Is it dumb to "downgrade" my photo archives?
June 10, 2013 2:42 PM   Subscribe

When digital photography was new, I saved everything at it's highest settings. Now that I currently have nearly 80 gigs of photographs, would it make sense to "downgrade" all of my photos to smaller sizes?

I would consider this mostly to allow iPhoto to run faster and save on storage space, but also because it seems unlikely that I would ever need HUGE copies of all of these photos. The largest I'd ever print any of them would be 8x10. Is this a terrible idea? What am I not considering?

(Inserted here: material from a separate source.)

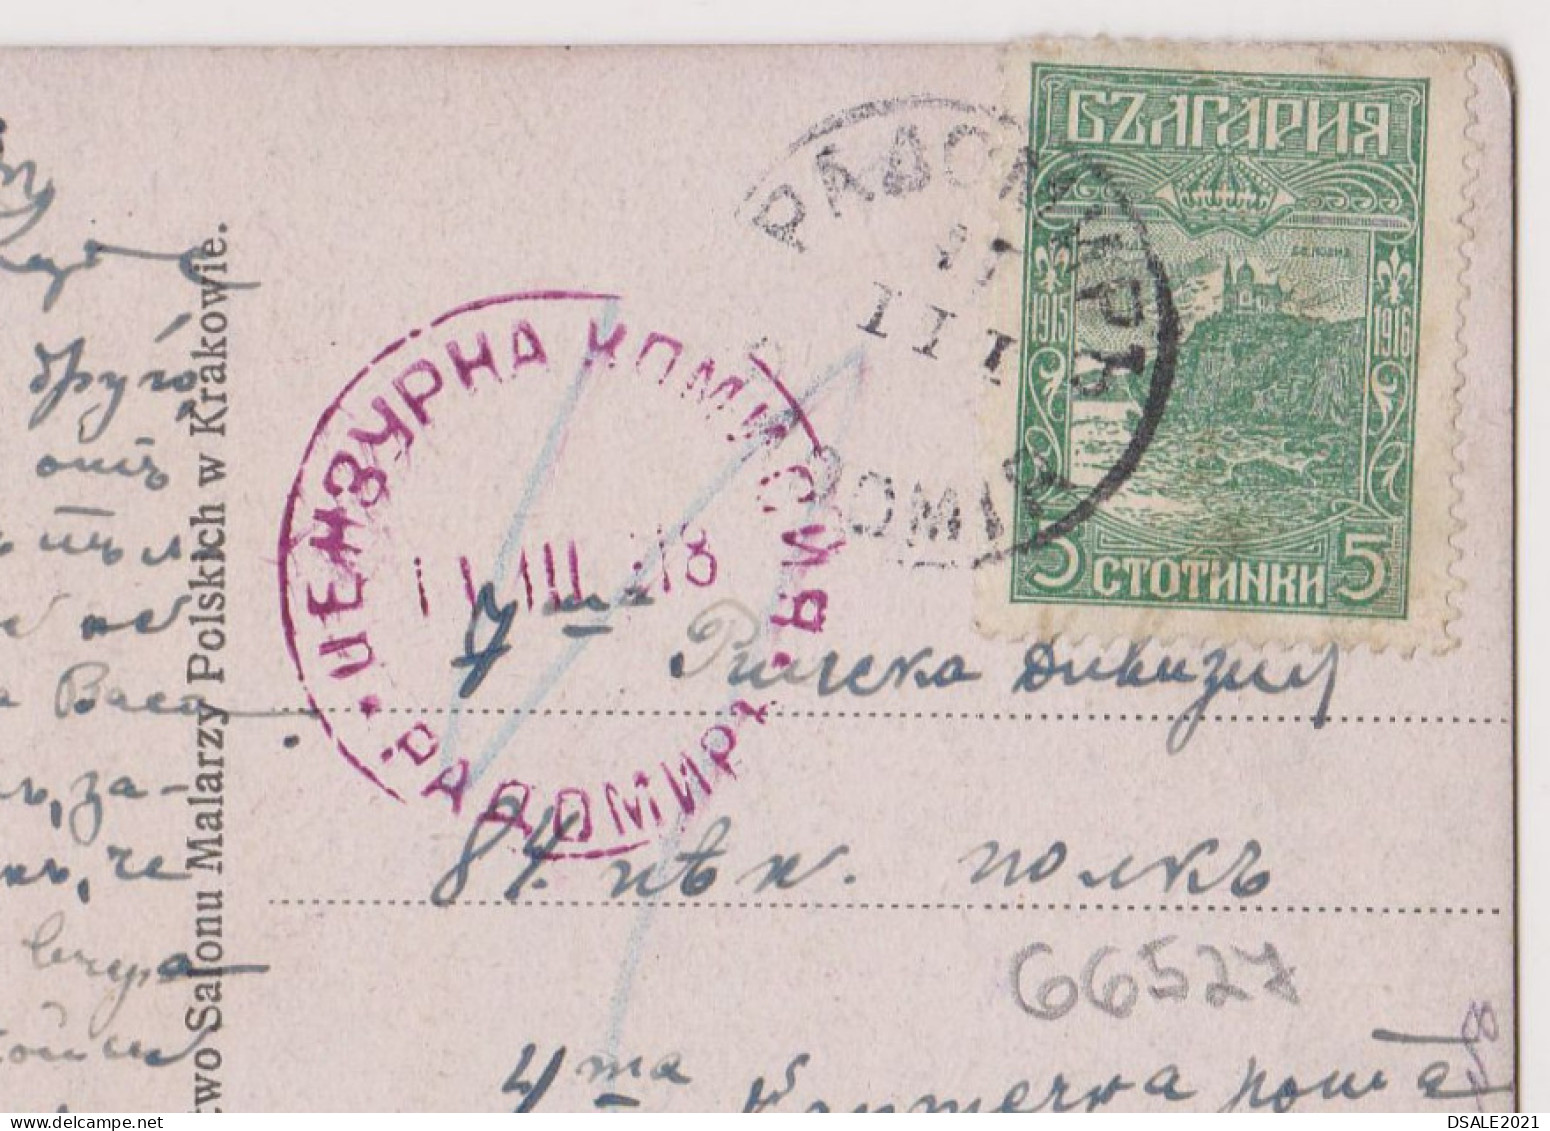 Bulgaria Bulgarien Ww1-1918 Civil Censored RADOMIR Cachet Artist Postcard By K. Szczawinski Boy W/Violin Postcard /66527 - Guerre

TOO MUCH INFORMATION: My iMac hard drive is failing, so I'm preparing to port everything to a new computer. I work in five separate iPhoto archives (Everything before new Camera, Everything After new Camera, Scanned Slides, Scanned Photos, Scanned Negatives) and I've exported them all out to redundant flash drives, because I'm terribly afraid of losing everything. I'd like to put the first two categories into the same archive, but I don't because it causes iPhoto to run too.damn.slow. So, now that I've done all this (which took literally DAYS to export), I'm starting to wonder if I need all these high-detail photos and if it wouldn't make more sense to just have smaller versions.
posted by ColdChef to Computers & Internet (26 answers total) 5 users marked this as a favorite
Setting aside that we all have different levels of disposable money - if it's me, I'd look at 80GB and see that as a tiny corner of a terabyte hard drive I can pick up on Amazon for $80 and have a little more piece of mind.
posted by Tomorrowful at 2:44 PM on June 10, 2013 [19 favorites]

If you upgrade to Aperture, you can have photos that your library knows about but are stored on external drives....and it's much faster.
posted by Brainy at 2:45 PM on June 10, 2013

Hmm, I have ten years of full size archives in a single iPhoto instance. It is currently about 1.5Tb in size. It does take a minute or so for iPhoto to load them all up, but the latest version is very stable and hasn't crashed on me since I updated to Mountain Lion (earlier versions would crash often if I did too many things too quickly).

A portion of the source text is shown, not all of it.